La crise sanitaire a donc probablement plus profité aux collections, peut-être moins à la culture, qui nous manque en vertu de ce qu’elle apporte en engagement sociétal. Mais en ce moment, la dictature sanitaire ne semble pas propice à beaucoup d’engagement sociétal. Le monopole de la Covid-19 dans notre quotidien, dans les médias semble tout nous dicter ; évoquer la privation de libertés est presque un tabou ; l’angoisse généralisée est nettement plus perceptible que les débats philosophiques. 

4. Une conclusion optimiste, une envie, un fantasme ?
Cette région entre Rhin, Lorraine et Ardennes me semble un terroir très intéressant. Et je fais tout pour y être utile et faire un maximum pour qu’une scène artistique s’y développe.

 

LE CAS


Quels sont les enjeux prioritaires dans la rénovation, et la transformation d’un musée ? Démonstration en 3 exemples récents et éclairants

MAH Genève
Musée d’art et d’histoire de Genève

Le musée d’art et d’histoire de Genève devient le «musée du futur », selon son directeur, Marc-Olivier Wahler.
Ce musée encyclopédique, bâti en 1910, sera transformé dans un état d’un esprit créatif, qui multiplie les regards sur les objets usuels comme des amphores ou des pièces d’horlogerie. Le musée devient plus qu’un temple des savoirs et plus qu’un lieu de consommation des savoirs. Le directeur ne souhaite plus d’expositions blockbuster, trop chères, et qui s’accompagnent d’une empreinte carbone négative.
quatre ans d’expérimentation seront utiles, jusqu’en 2024, qui verront le début des travaux, lesquels devraient s’achever en 2029. Parmi ces expérimentations, l’accent sera porté sur la transversalité des objets dans les expositions semestrielles. Des curateurs extérieurs interviendront, mais certaines expositions seront conçues par les scientifiques du musée également, facilitant ainsi de multiples regards sur les collections.

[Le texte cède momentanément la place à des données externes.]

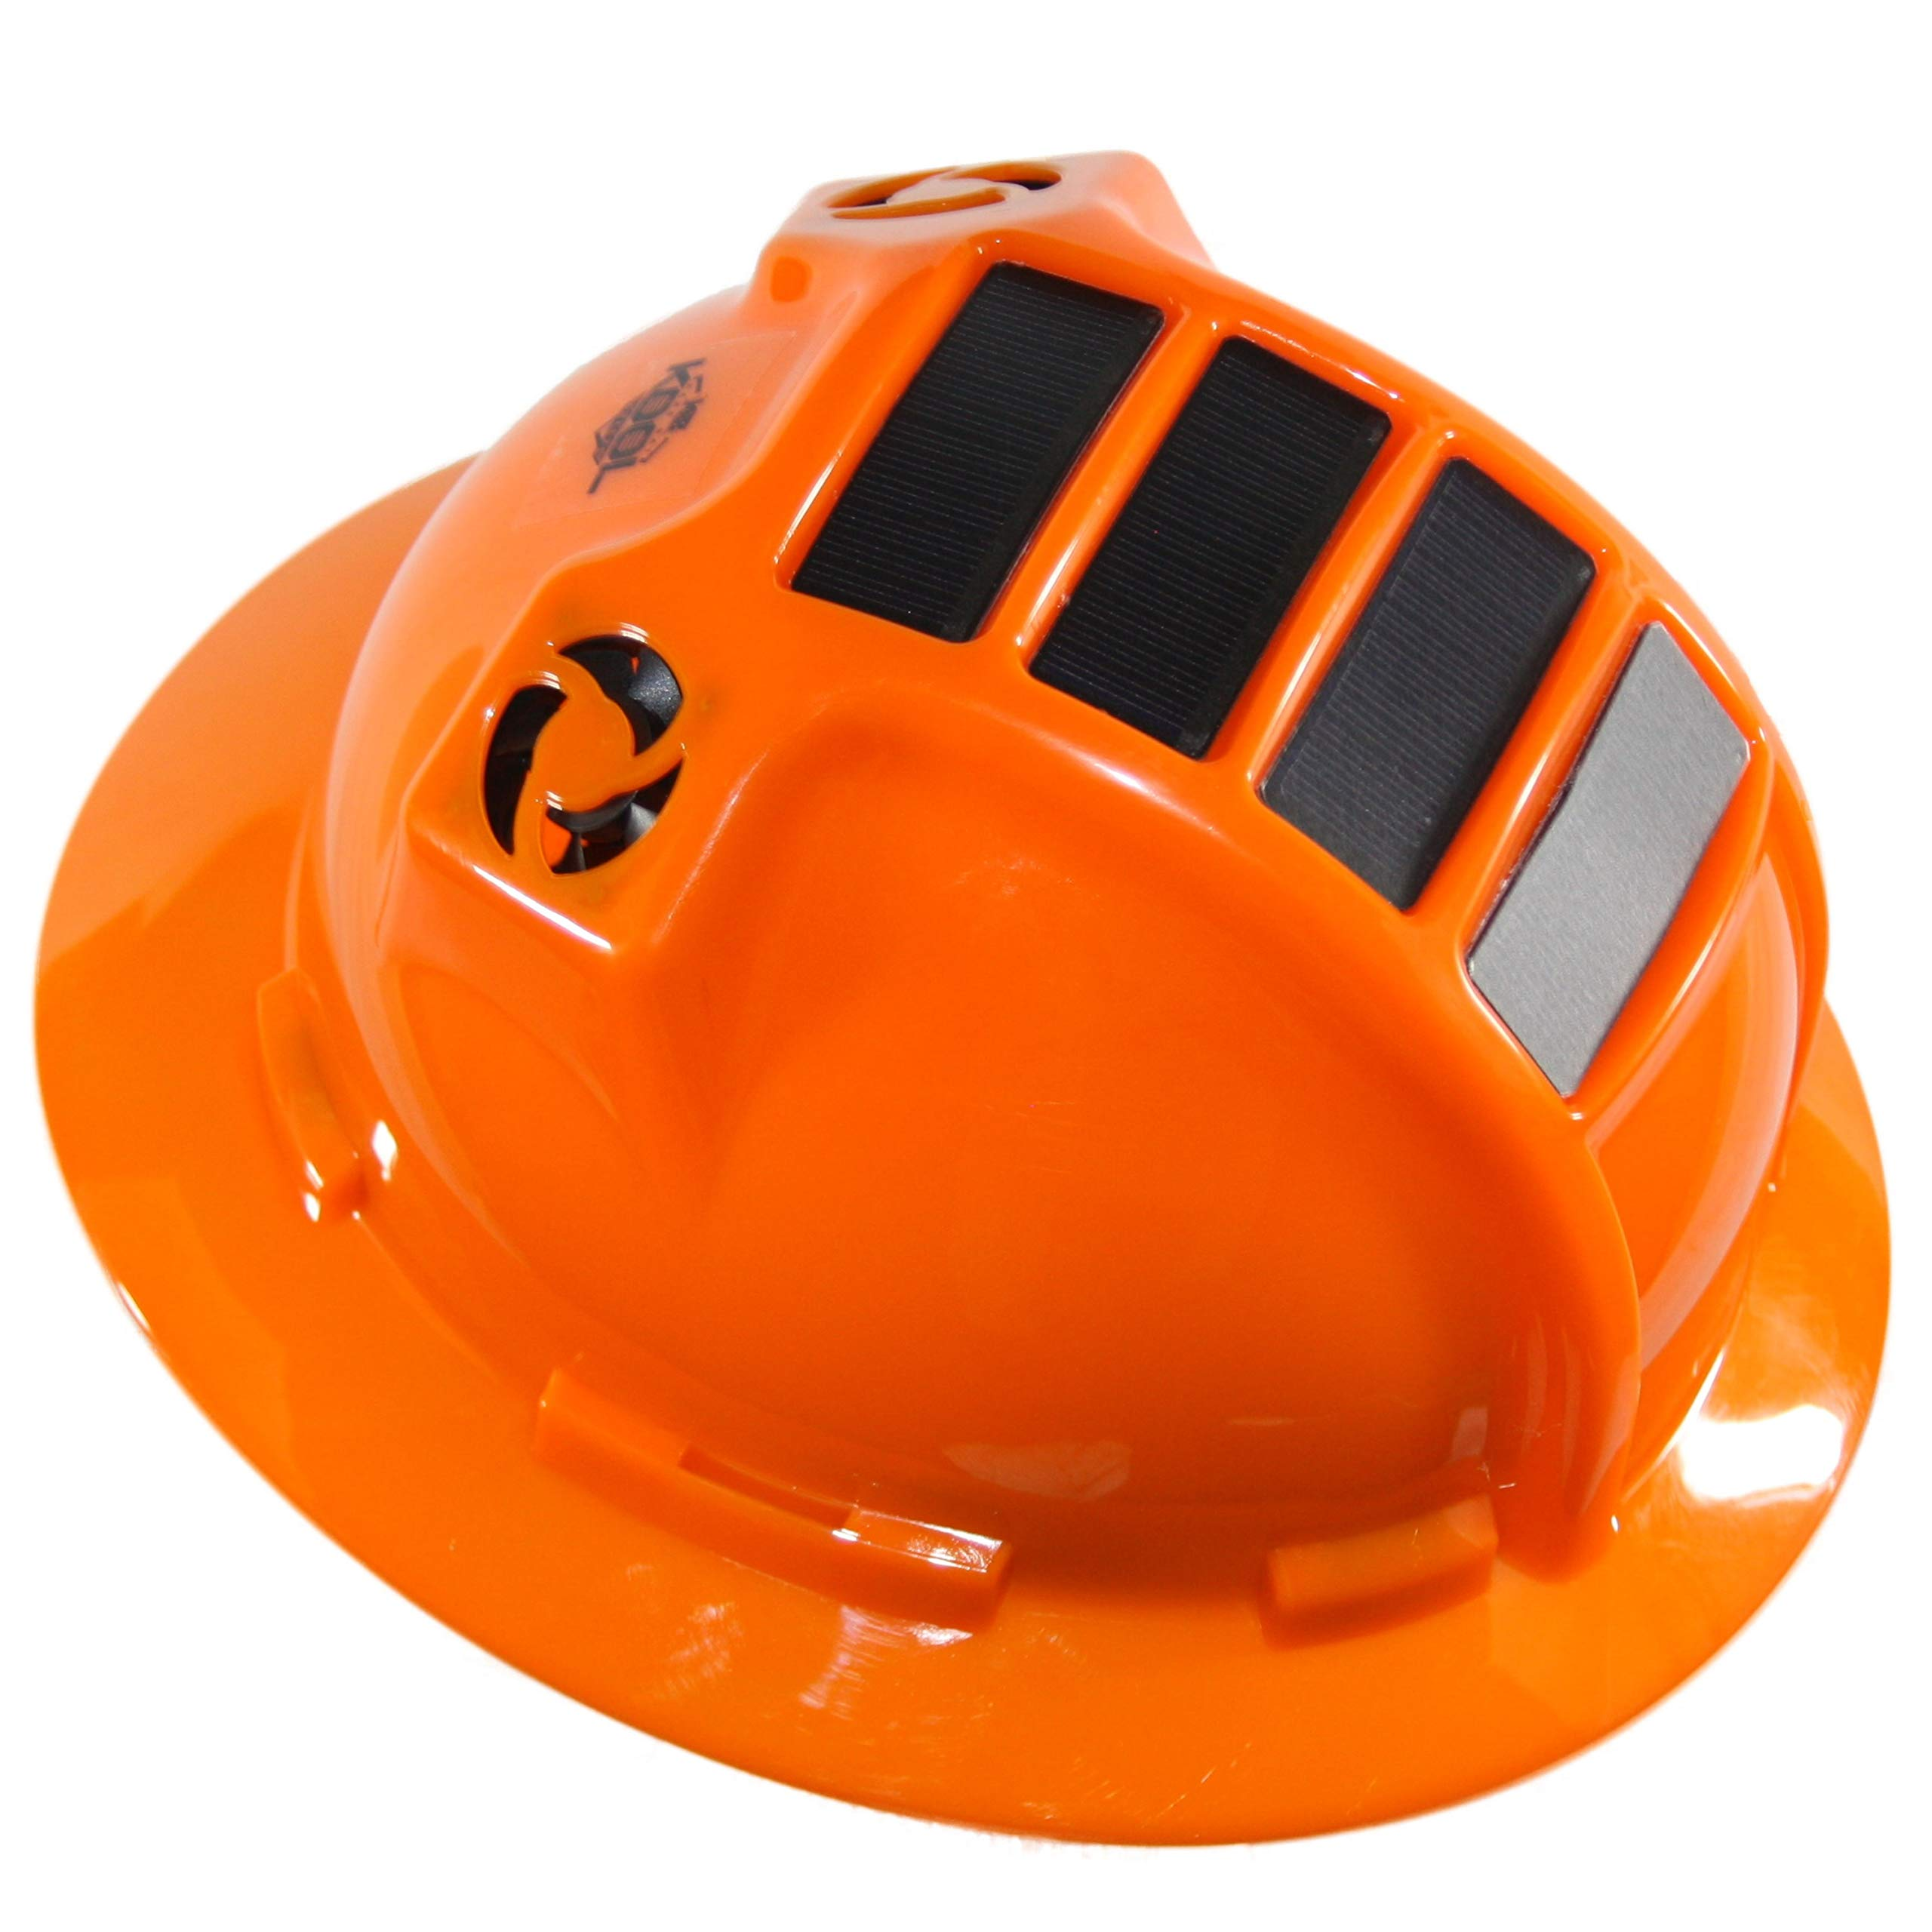 Hard Hat Head Protection Kool Breeze Solar Helmet With Rechargeable Battery and Adjustable Ratchet Suspension (Orange) by Kool Breeze Solar Hats (Image #3)
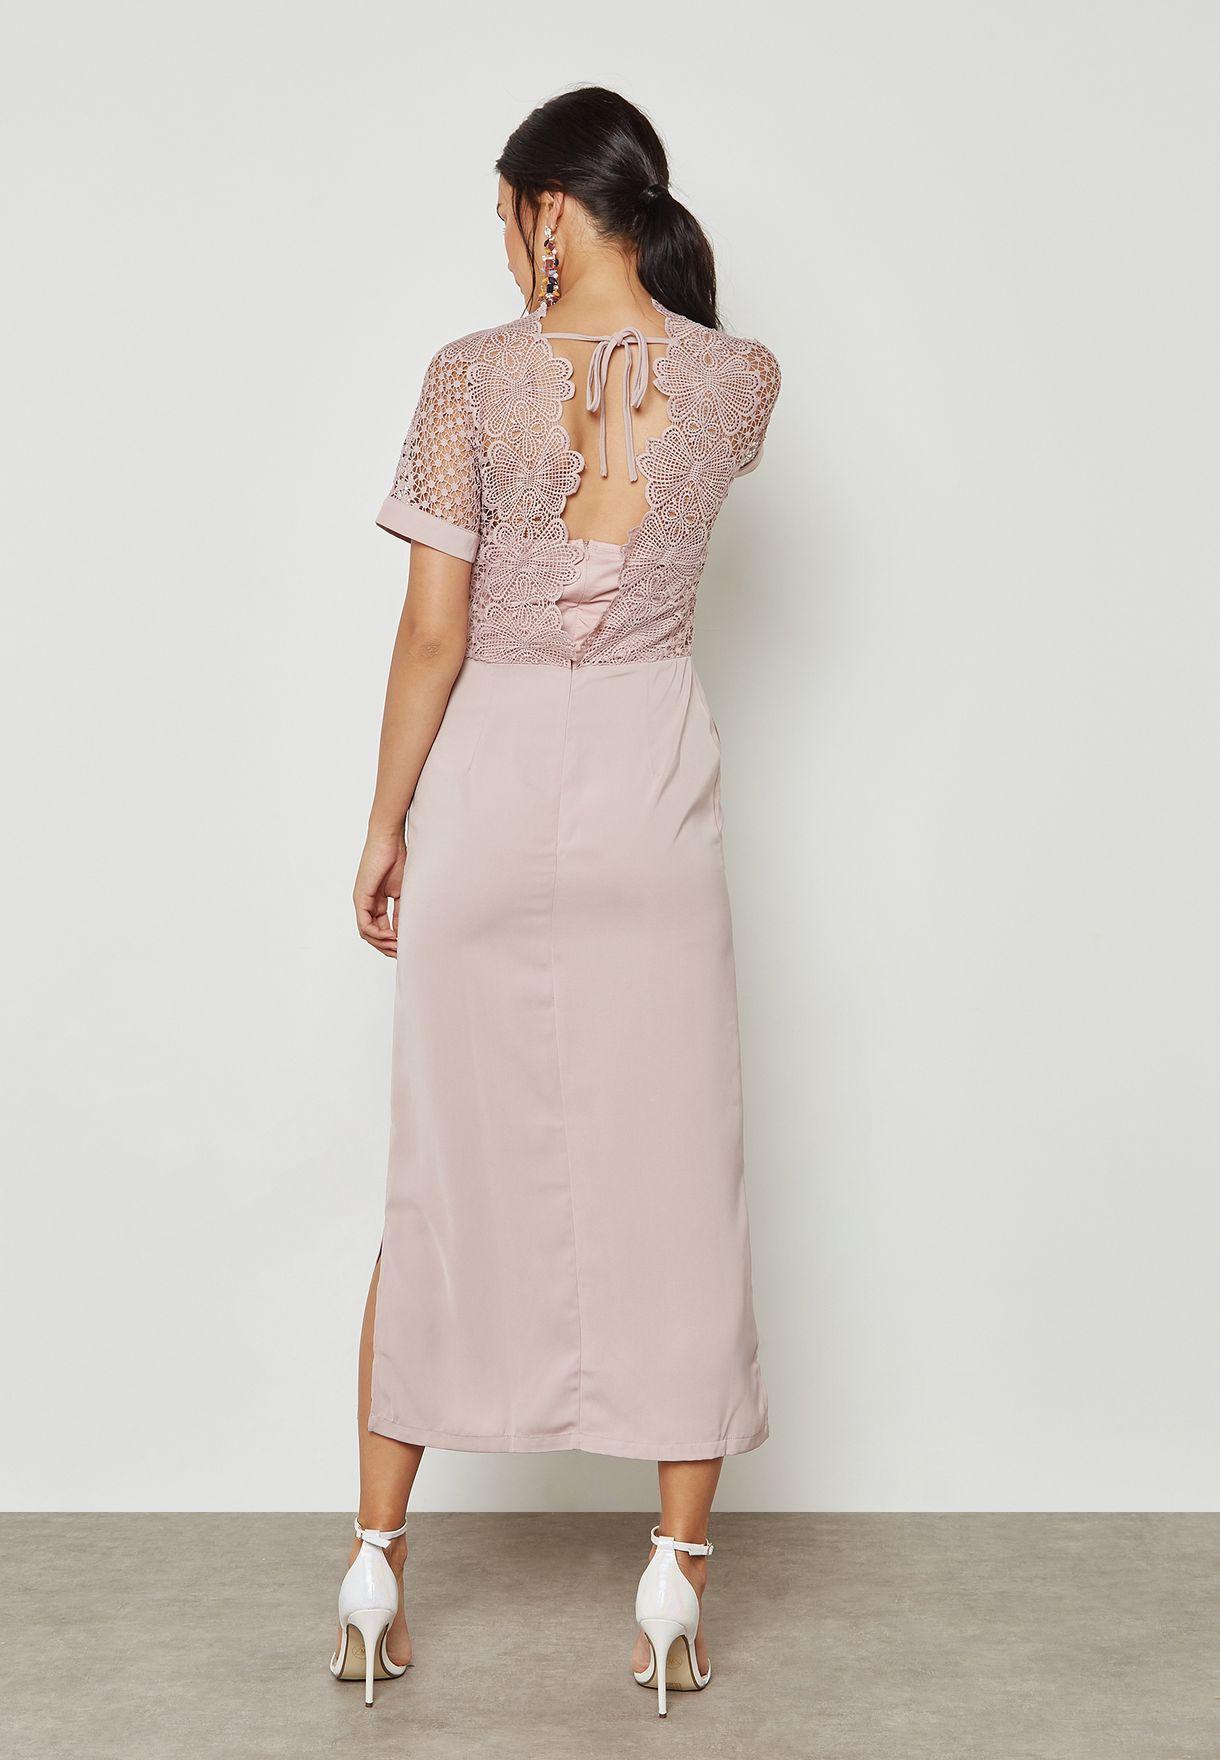 فستان مكسي بأجزاء دانتيل كروشيه

Musée d'histoire naturelle de Lille
Musée d’histoire naturelle de Lille

À Lille, le musée d’histoire naturelle est agrandi et transformé.
En 2019, il compte 122 000 visiteurs. Son chantier de rénovation et d’extension coûtera environ 20 millions d’euros et durera de novembre 2020 à février 2021. Ces travaux doteront le musée de plus de 400 m2 d’accueil supplémentaire ; un espace pour les groupes (dont les scolaires) sera prévu, ainsi qu’un café dans une ancienne bibliothèque. Le calendrier prévoit pour fin 2025 les collections, le parcours d’exposition et une augmentation de 700 m2 les espaces d’exposition.
Cette évolution se traduira également par un changement de nom, une orientation différente. En effet, le futur muséum inclura les collections du musée industriel et commercial, le musée des sciences et techniques, et le fonds ethnographique Alphonse Moillet. Ces changements seront effectués en relation avec l’avenir, le dérèglement climatique et la biodiversité. De nouvelles approches du site verront le jour comme des espaces modulables, interactifs ou immersifs.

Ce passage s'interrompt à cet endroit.